*** Given data Section Begins ***
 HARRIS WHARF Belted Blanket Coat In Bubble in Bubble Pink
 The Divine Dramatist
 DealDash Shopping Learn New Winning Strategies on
*** Given data Section Ends ***
*** Given data Section Begins ***
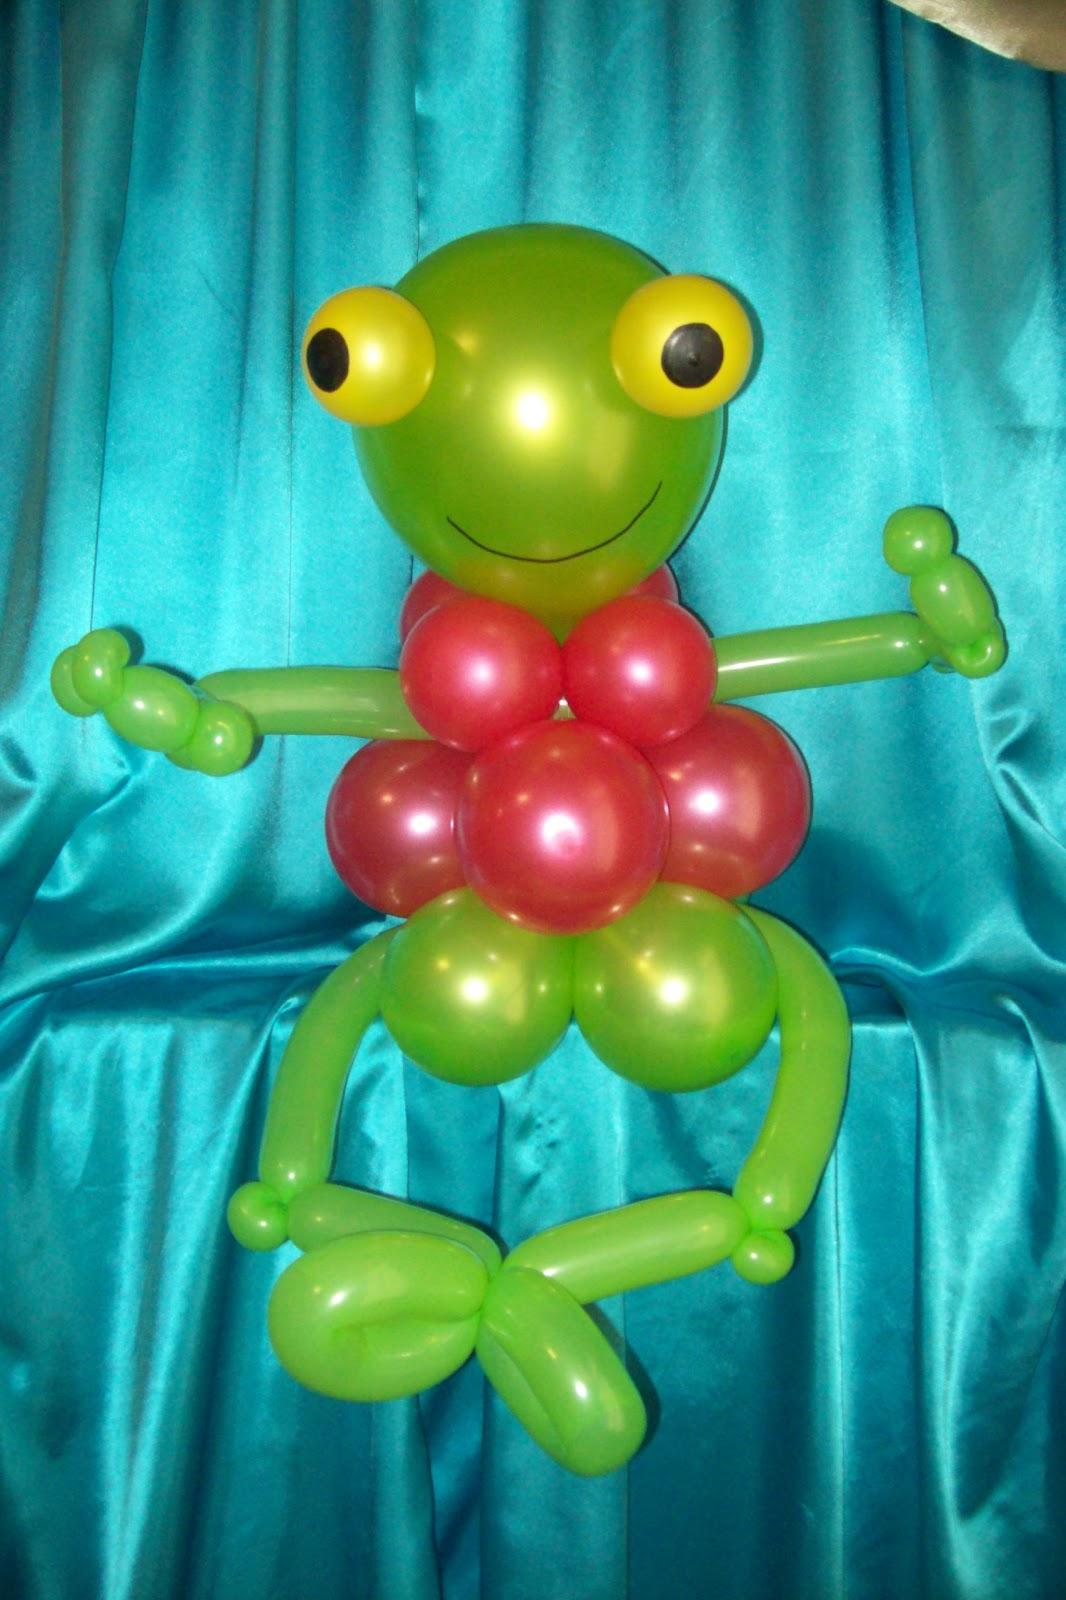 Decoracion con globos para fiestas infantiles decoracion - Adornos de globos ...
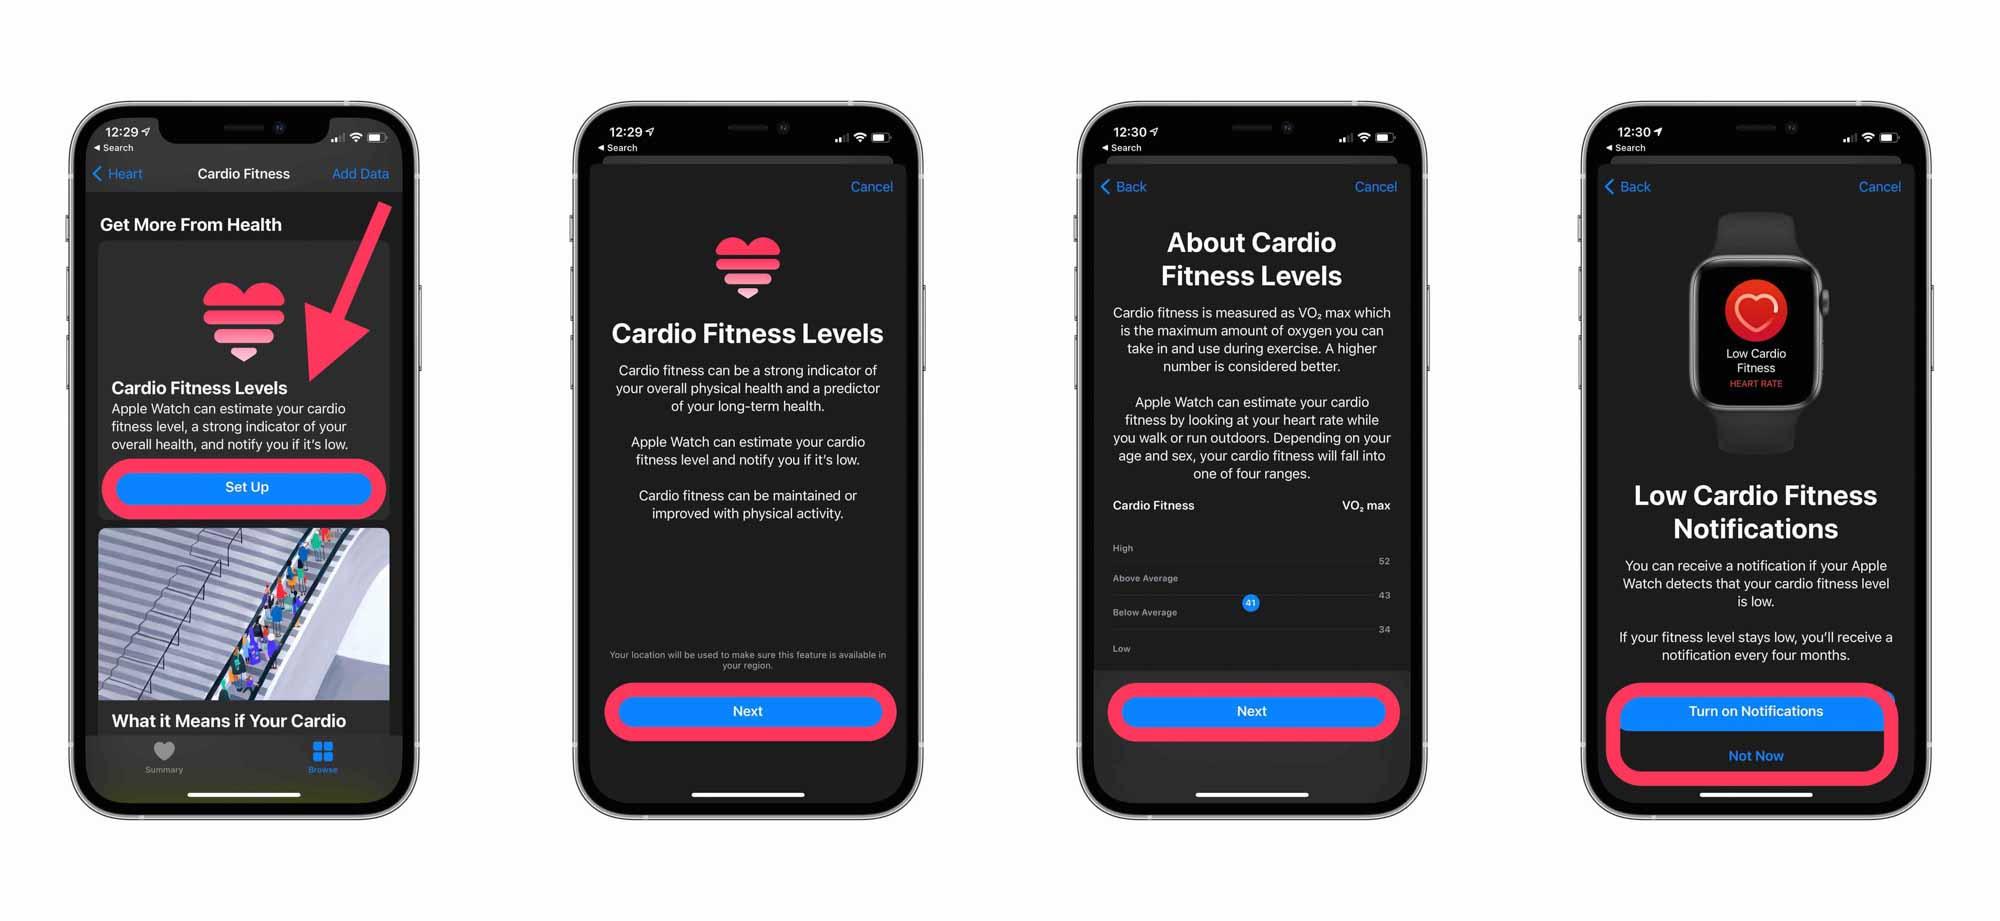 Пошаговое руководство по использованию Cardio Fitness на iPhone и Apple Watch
*** Given data Section Ends ***
*** Given data Section Begins ***
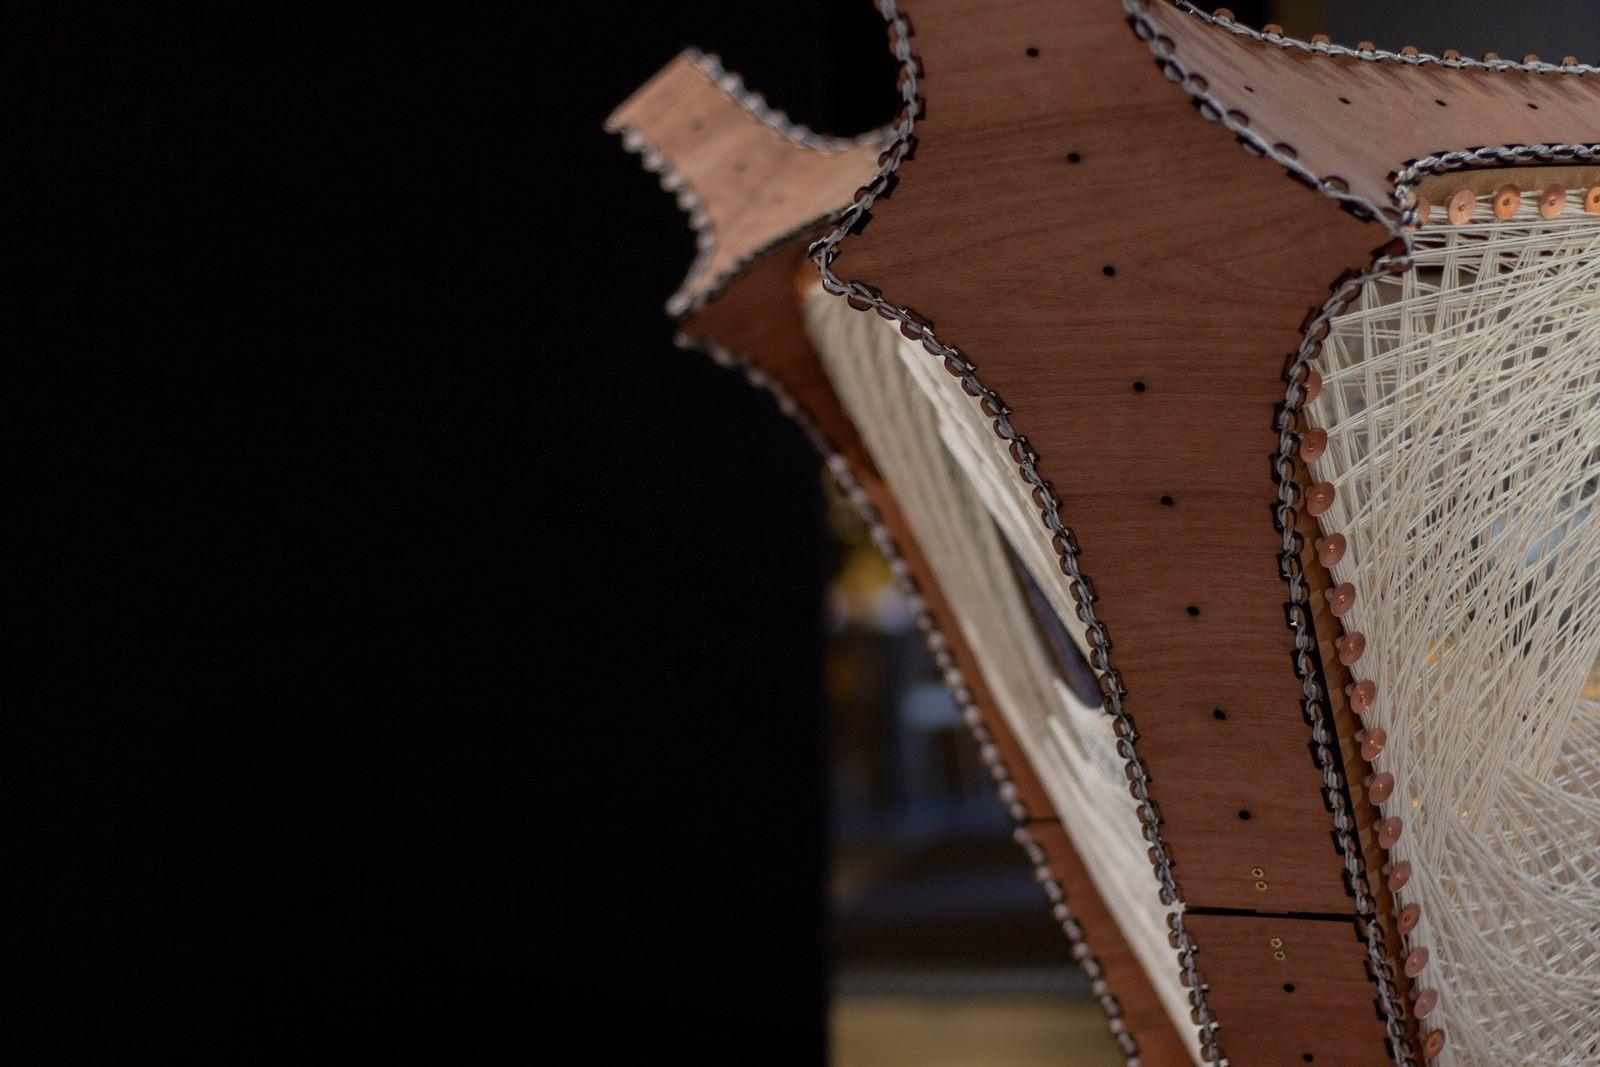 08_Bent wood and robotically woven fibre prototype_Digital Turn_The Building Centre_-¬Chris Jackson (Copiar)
*** Given data Section Ends ***
• Task prompt: Look back at the data above. Transcribe exactly the lines starting at the line that contains "HARRIS WHARF Belted" and ending at the line that contains "DealDash Shopping Learn".

• Task answer:
 HARRIS WHARF Belted Blanket Coat In Bubble in Bubble Pink
 The Divine Dramatist
 DealDash Shopping Learn New Winning Strategies on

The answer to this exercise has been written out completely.